It’s more than fish, nuts, and olive oil and it’s proven to help you live a longer and healthier life.
The Mediterranean Diet: More Than a Food Prescription
It was after WWII that American physiologist Ancel Keys launched his landmark Seven Countries Study. This wide ranging and ambitious project examined the lifestyle of select populations around the world over decades – evaluating how key aspects of their lives correlated with heart disease.
One of the most resonant ideas to come out of the Study was what Keys called the Mediterranean Diet – an eating pattern observed in communities near the Mediterranean Sea, including Southern Italy, Greece, and the Middle East.
Subsequent research has proven that this eating pattern is not only associated with better heart health, but also metabolic and cognitive improvements and higher quality of life, including into older age.
While the Mediterranean Diet is now hugely popular and is prescribed by medical professionals around the world to help tackle and prevent chronic life-shortening diseases, it has one major drawback – it can be difficult to fully understand.
In part, this is because a Mediterranean Diet menu – unlike other meal plans – is not proscriptive.
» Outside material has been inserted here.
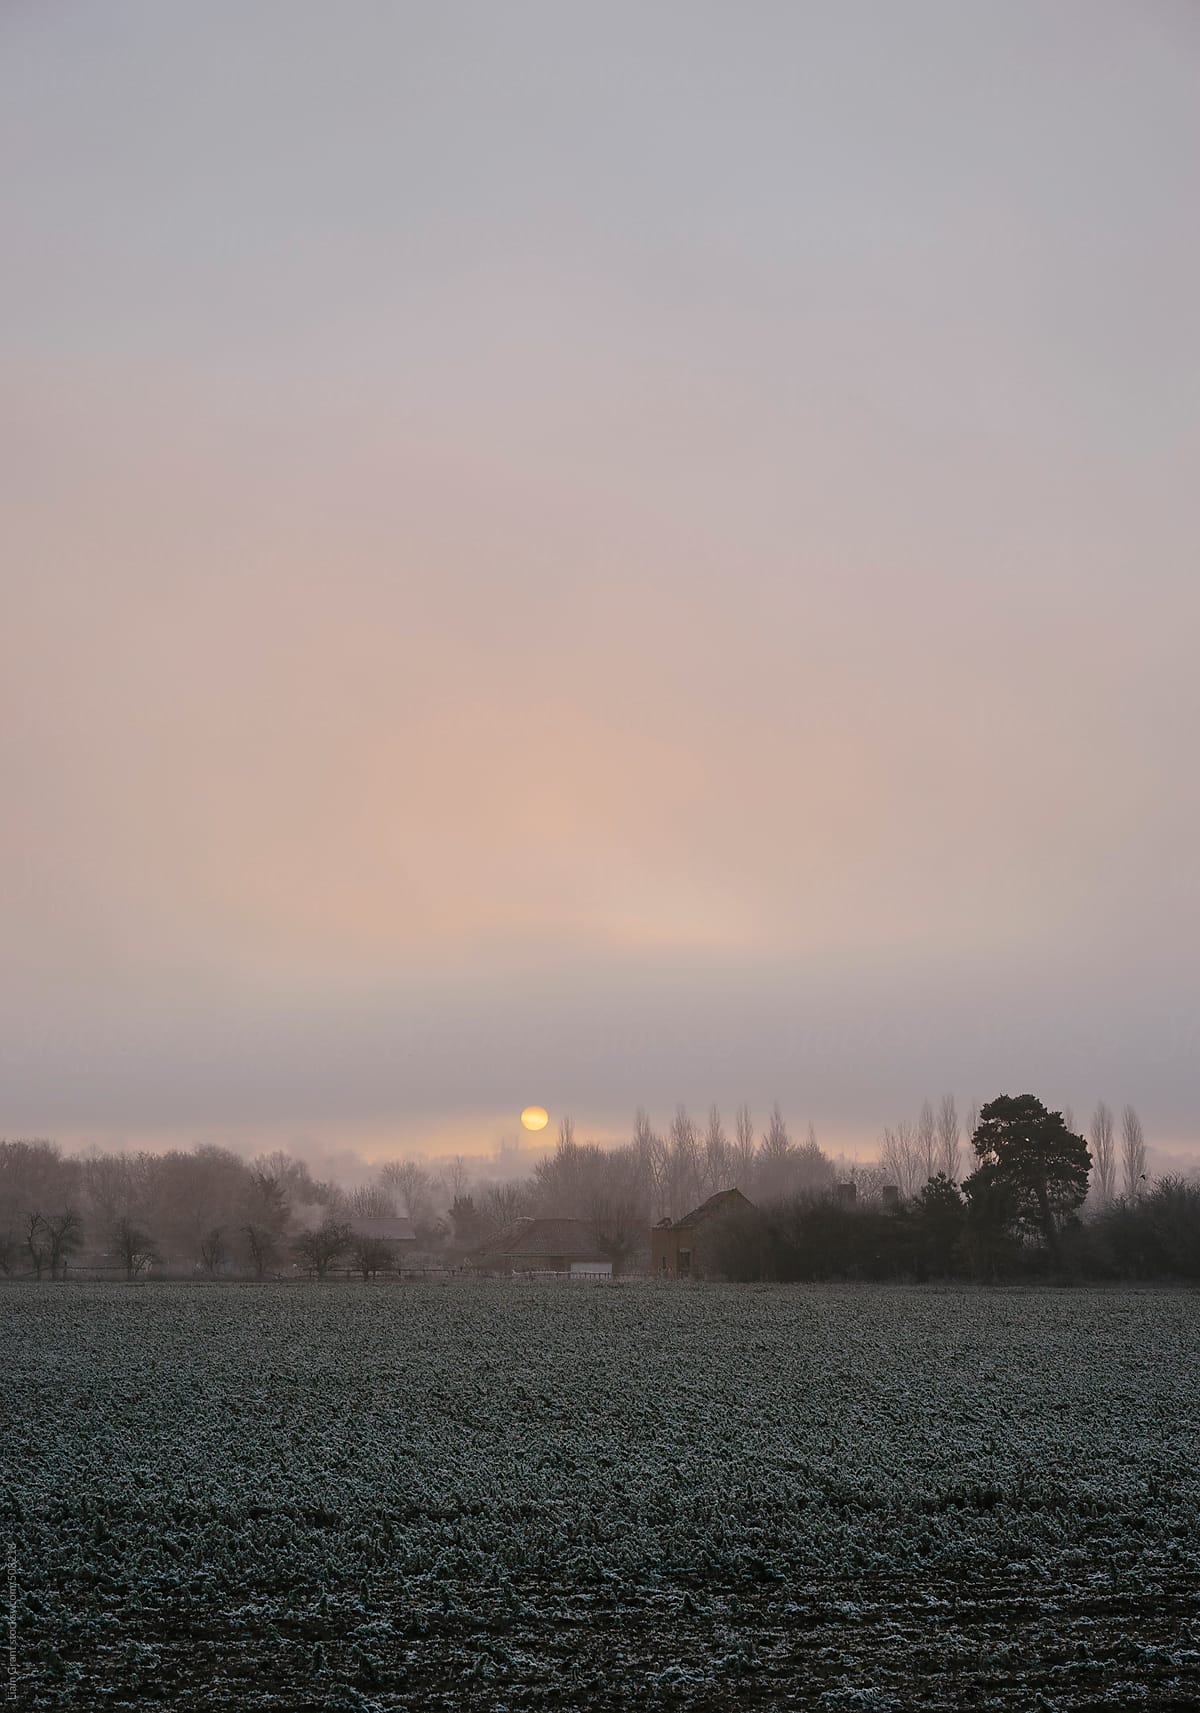 Foggy sunrise over a frosty rural scene.

Instead of employing strict measures like counting calories or forbidding certain foods, the Diet is based around a series of guidelines that are more like a lifestyle than a nutrition intervention.
It’s important to understand the Mediterranean Diet fully because researchers have found that it is an example of ‘food synergy’ – where benefits result from holistically adopting an eating pattern.
Simply cherry-picking an element – for example, by adding olive oil to your food – won’t result in the same protective health boost as embracing the full Mediterranean Diet.
Making a Mediterranean Diet Menu
Explanatory tools like the Mediterranean Diet pyramid can help you develop your own Mediterranean Diet recipes. They make it clear that legumes, whole grains, and vegetables should form the bulk of your meals, while seafood and dairy can be added regularly and red meats should only be eaten rarely.
But, that guidance still leaves room for confusion. At Fit4100, we have developed three golden rules that make sticking to the Mediterranean Diet easy.
1. Add Vegetables and Variety to your Mediterranean Food
Vegetables and fruits should make up at least half of your meals, while whole grains should be another quarter. The final quarter should be healthy proteins – things like beans, nuts, or fish, and occasionally poultry.
This sounds easy, but in practice it can feel repetitious sticking to these proportions by cooking the same Mediterranean Diet recipes over and over again. Introduce variety by exploring meal ideas from Mediterranean countries other than Greece and Italy – perhaps make falafel or consider a Moroccan tagine for an interesting mid-week meal.
2. Not All Fats are Equal
A Mediterranean Diet meal plan often includes a relatively large amount of fat – up to 42 per cent of daily caloric intake can come from fat, but almost all of this is from “good” fat sources like olives, olive oil, avocado, nuts, and fish.
These foods contain unsaturated fat while produce like dairy, red meat, and many processed foods tend to be high in saturated fat, which should be avoided when following the Mediterranean Diet
3. The Mediterranean Diet is more than a Lifestyle
While using Mediterranean Diet recipes that are built around vegetables, whole grains, good fats, and fruit is the first step, it’s equally important to make good lifestyle choices.
The Mediterranean Diet is often called a lifestyle intervention because it’s not just about what you eat.
Alongside eating well, staying active through regular exercise and fostering strong social networks by spending time with friends and family are key aspects of the Mediterranean Diet.